→ **TRY IT**
The answer must be the full listing, word for word, with no pictures in it.

→ **RECORDED INFORMATION**
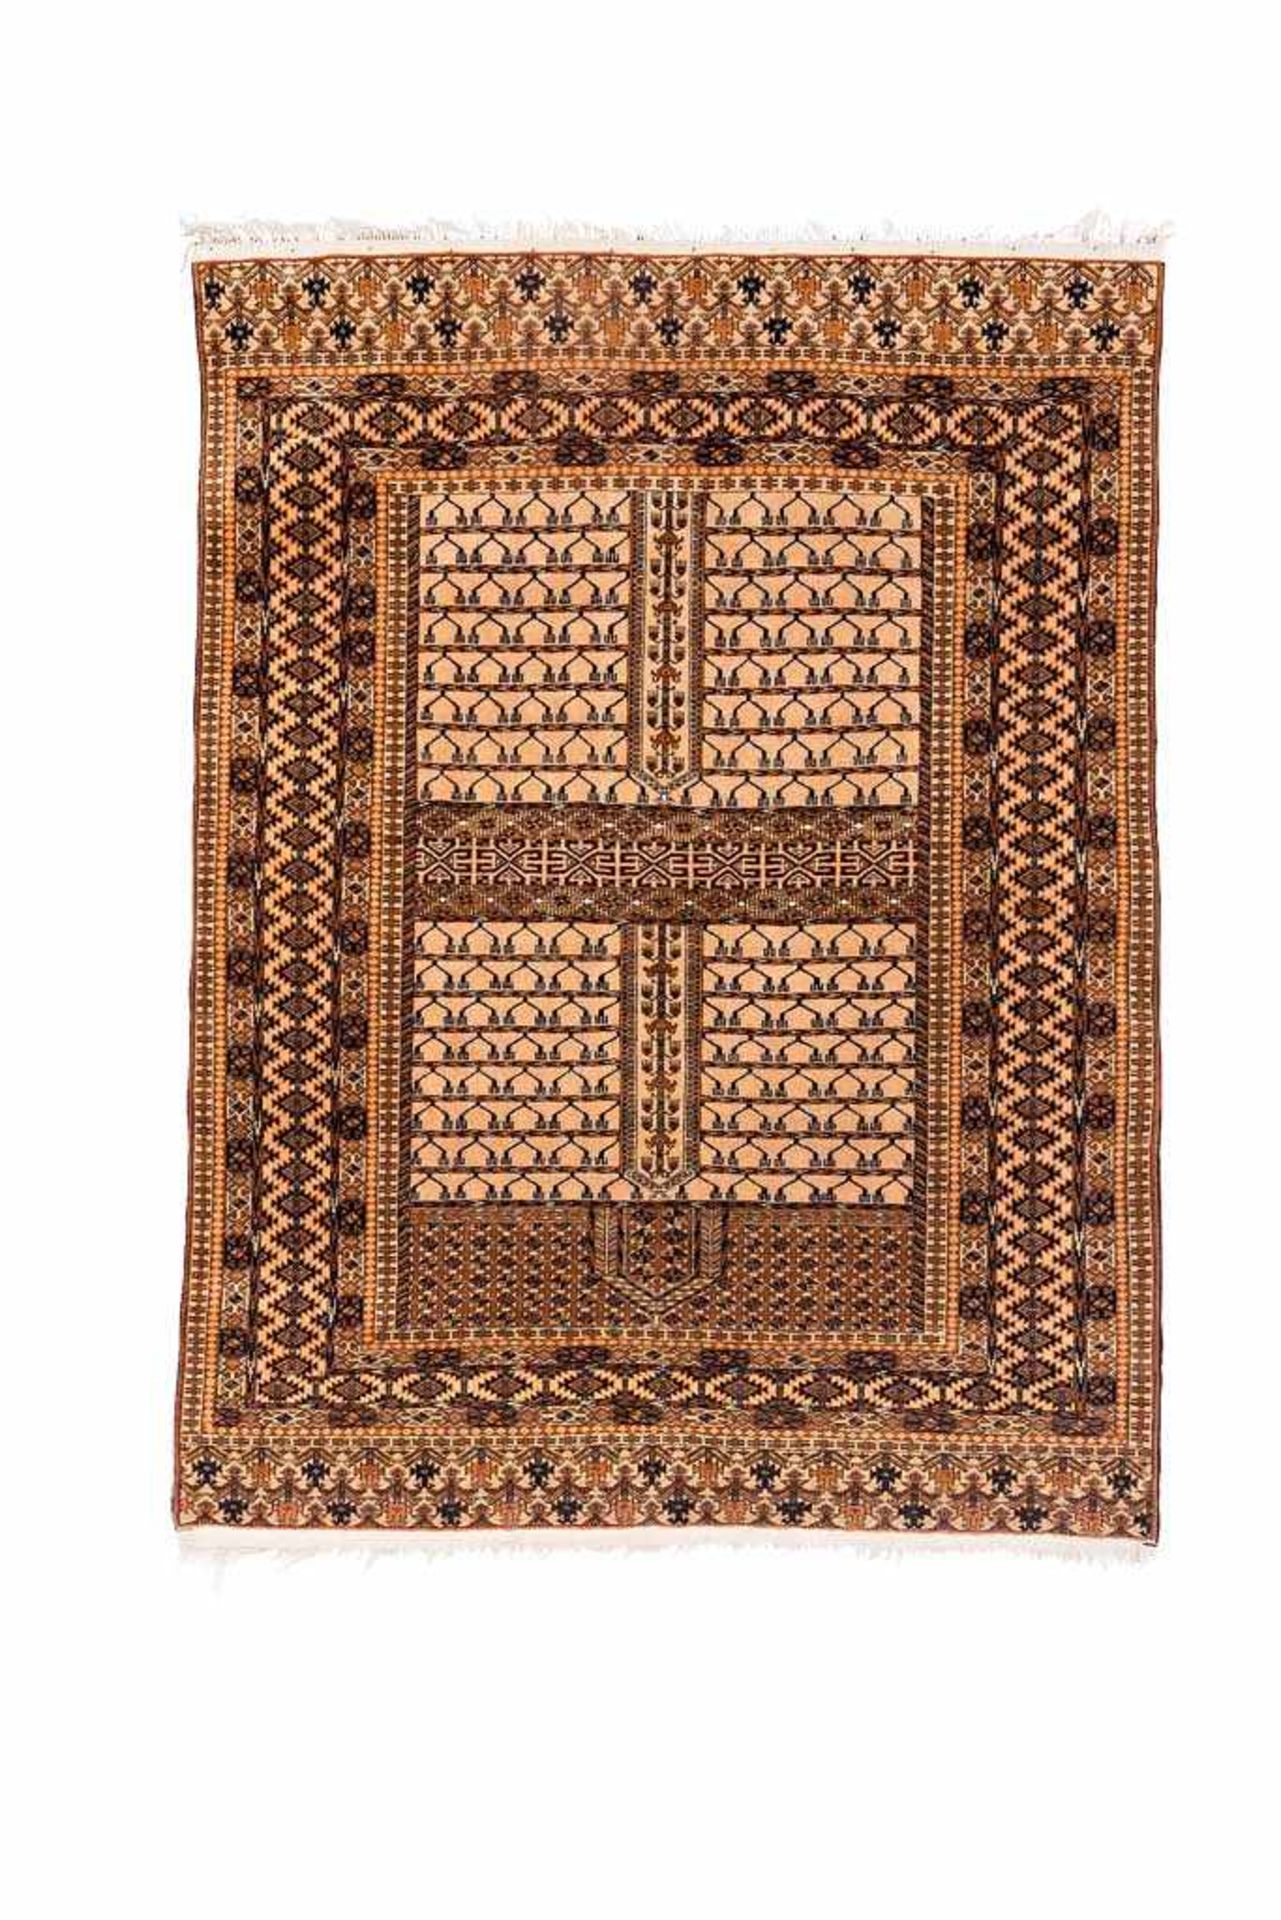 Hatschlu. Korkwolle auf Seide. Afghanistan. 168 x 127 cm
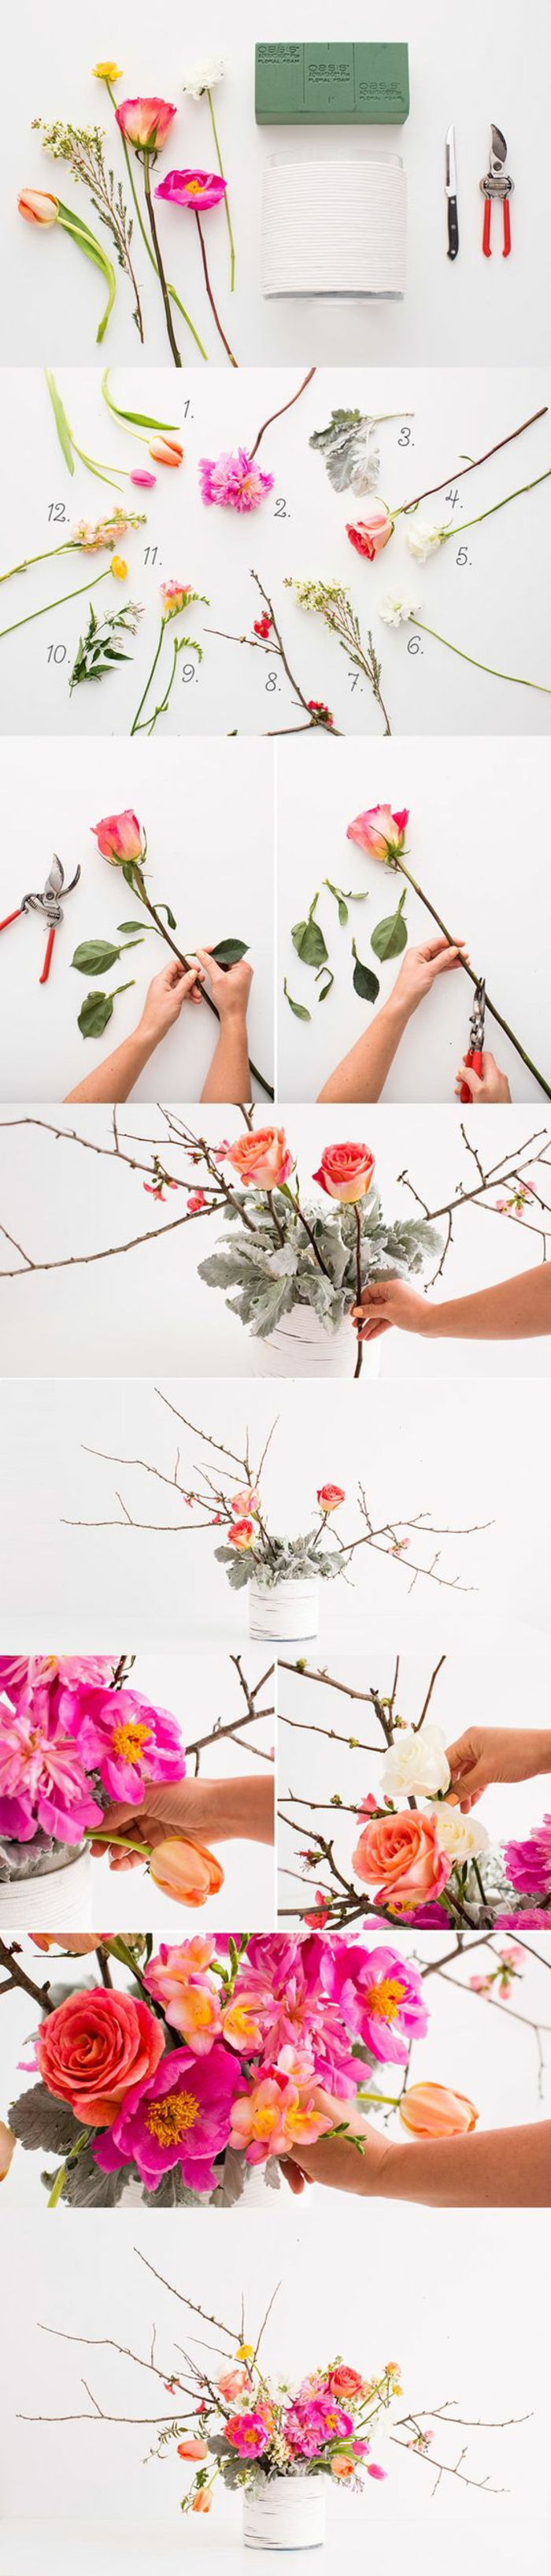 Decorazione primaverile, vaso bianco, fiori rosa, rami, decorazione da tavola
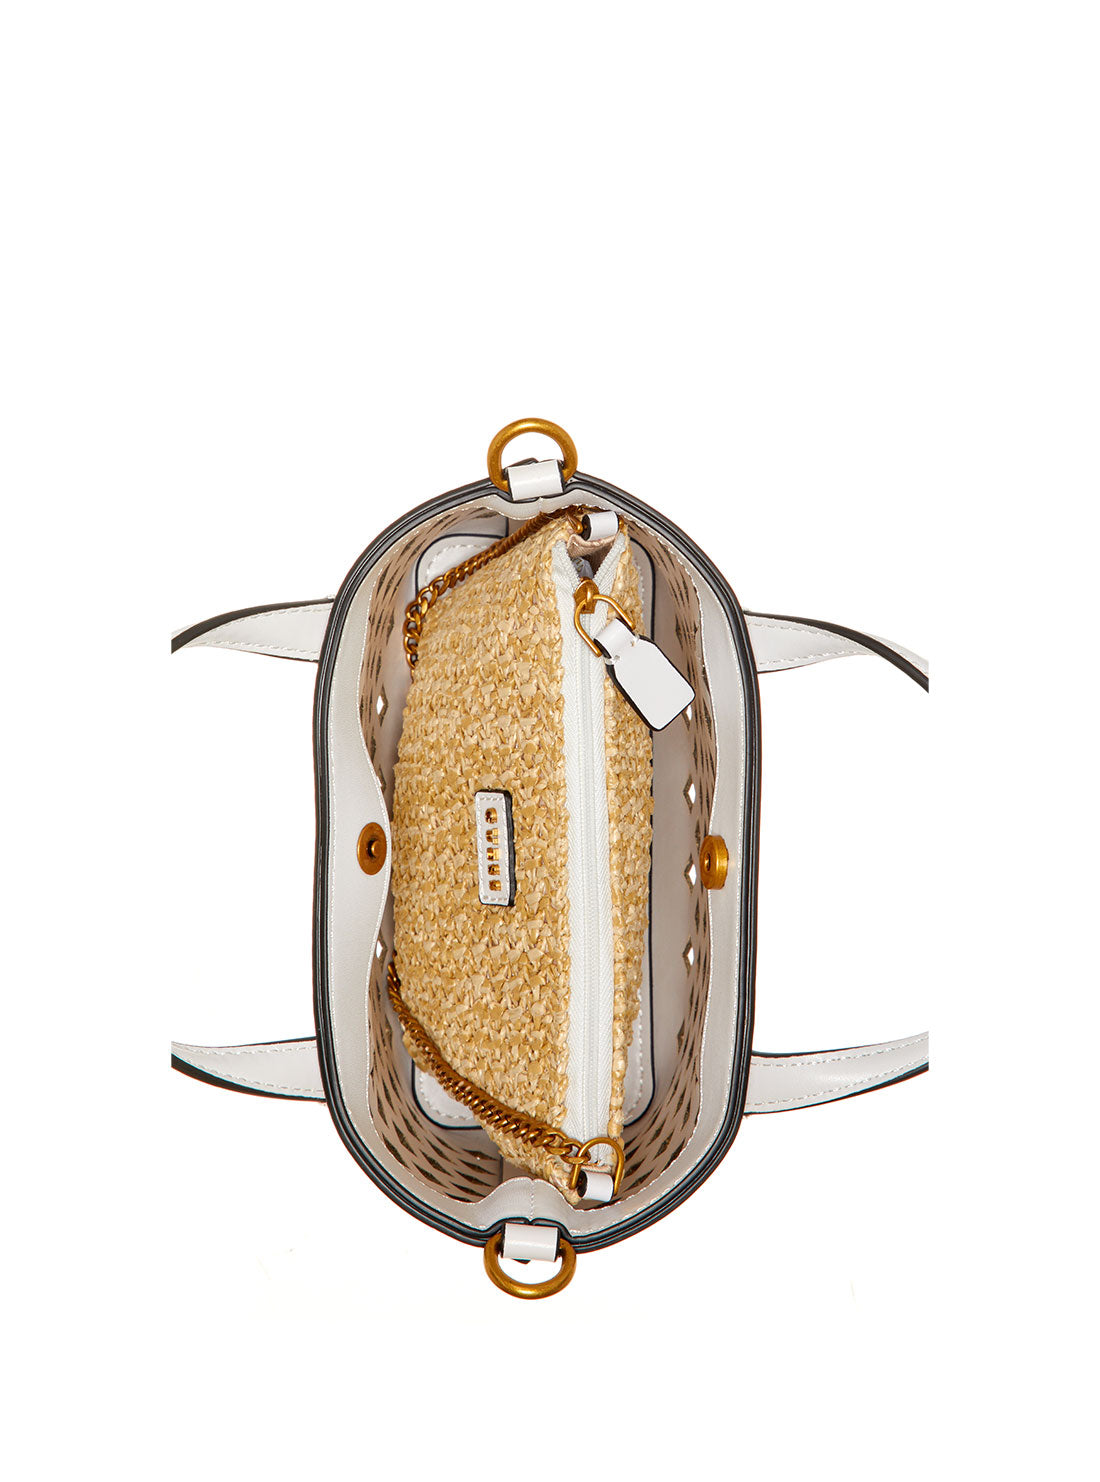 Guess Picnic Mini Tote Bag For Women, Pale Aqua: Buy Online at

→ **COMPLETED TASK**
 Hatschlu. Korkwolle auf Seide. Afghanistan. 168 x 127 cm
 Decorazione primaverile, vaso bianco, fiori rosa, rami, decorazione da tavola
 Guess Picnic Mini Tote Bag For Women, Pale Aqua: Buy Online at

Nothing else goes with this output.